Rather than name-calling, Premier Wynne should take responsibility for her government’s minimum wage policy
Ontario Premier Kathleen Wynne recently accused Tim Hortons franchise owners of being bullies for reducing employee benefits in response to the province’s sharp minimum wage hike. This sentiment is echoed by others who have called for a boycott of the restaurant.
But instead of calling Ontario employers names, Premier Wynne should accept responsibility for this unintended-yet-predictable consequence of her government’s policy to raise the minimum wage by 21 per cent on January 1, from $11.60 to $14.
After all, this is not an isolated incident. Other businesses are also cutting benefits and recent media reports have shown multiple other ways businesses are responding including reducing staff, cutting hours, raising prices and increasing automation.
The reason is straightforward. When the cost for low-skilled labour artificially increases (in this case, by government mandate), without a commensurate increase in worker productivity, businesses will inevitably respond by finding ways to reduce labour costs or pass costs on to customers. In other words, when the price of something rises with no quality improvement, people tend to buy less of it. This is true for business owners and their expenses, just like consumers of goods and services.

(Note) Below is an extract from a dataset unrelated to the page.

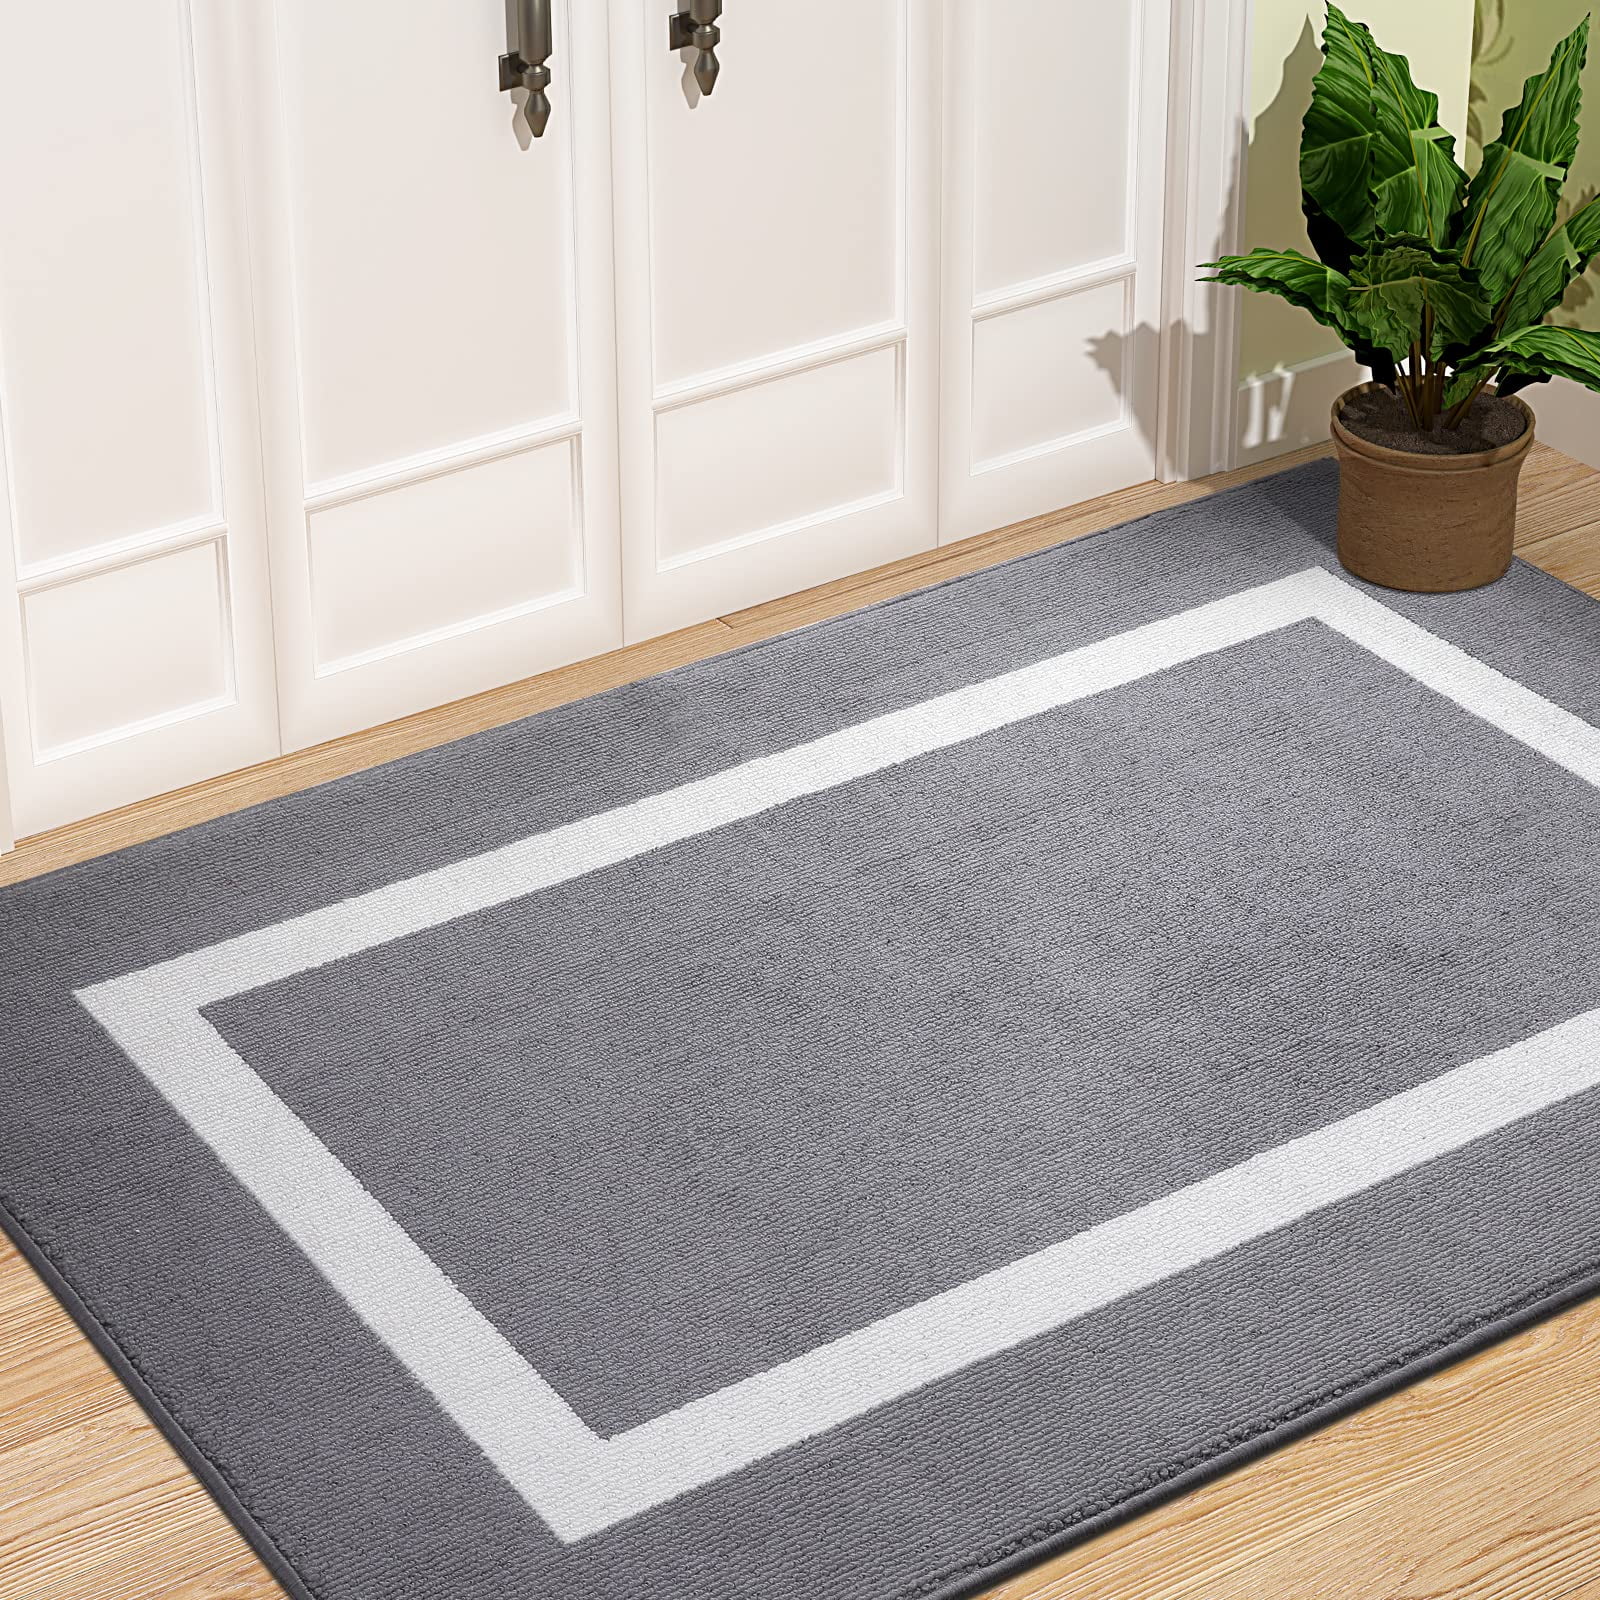 OLANLY Indoor Door Mat, 32x20, Non-Slip Absorbent Resist Dirt Entrance Mat,  Washable Low-Profile Inside Entry Doormats for Entryway, Grey

Indignation on the part of the premier runs a little thin given that her government knew businesses were likely to reduce benefits in response a minimum wage increase. Or at least the government ought to have known since it was explicitly mentioned by their 2014 advisory panel on the minimum wage.
When discussing the likely outcomes of a minimum wage hike, that panel, which included business and labour representatives noted: “[Employers] could reduce non-wage labour costs such as fringe benefits or hours worked or expenditures on on-the-job training and development opportunities for minimum wage workers.”
In other words, the advisory panel warned the Wynne government that businesses would do exactly what they have done: cut benefits to pay for the government-mandated wage increases.
The panel also warned of job losses among young and low-skilled workers: “In the Canadian context, researchers have generally found an adverse employment effect of raising minimum wages especially for young workers… Typically those studies find that teen employment would drop by 3-6 per cent if the minimum wage is raised by 10 per cent.”
Indeed, this is a recurring finding in multiple research studies that have examined the employment effects of past minimum wage hikes in Canada.
Premier Wynne also said that if employers “want to pick a fight, pick that fight with me not the people who are working at the service window of the stores.” While it isn’t clear that the business owners are picking a fight with anyone, Premier Wynne’s government should be held accountable for the unintended-yet-predictable consequences of its policy.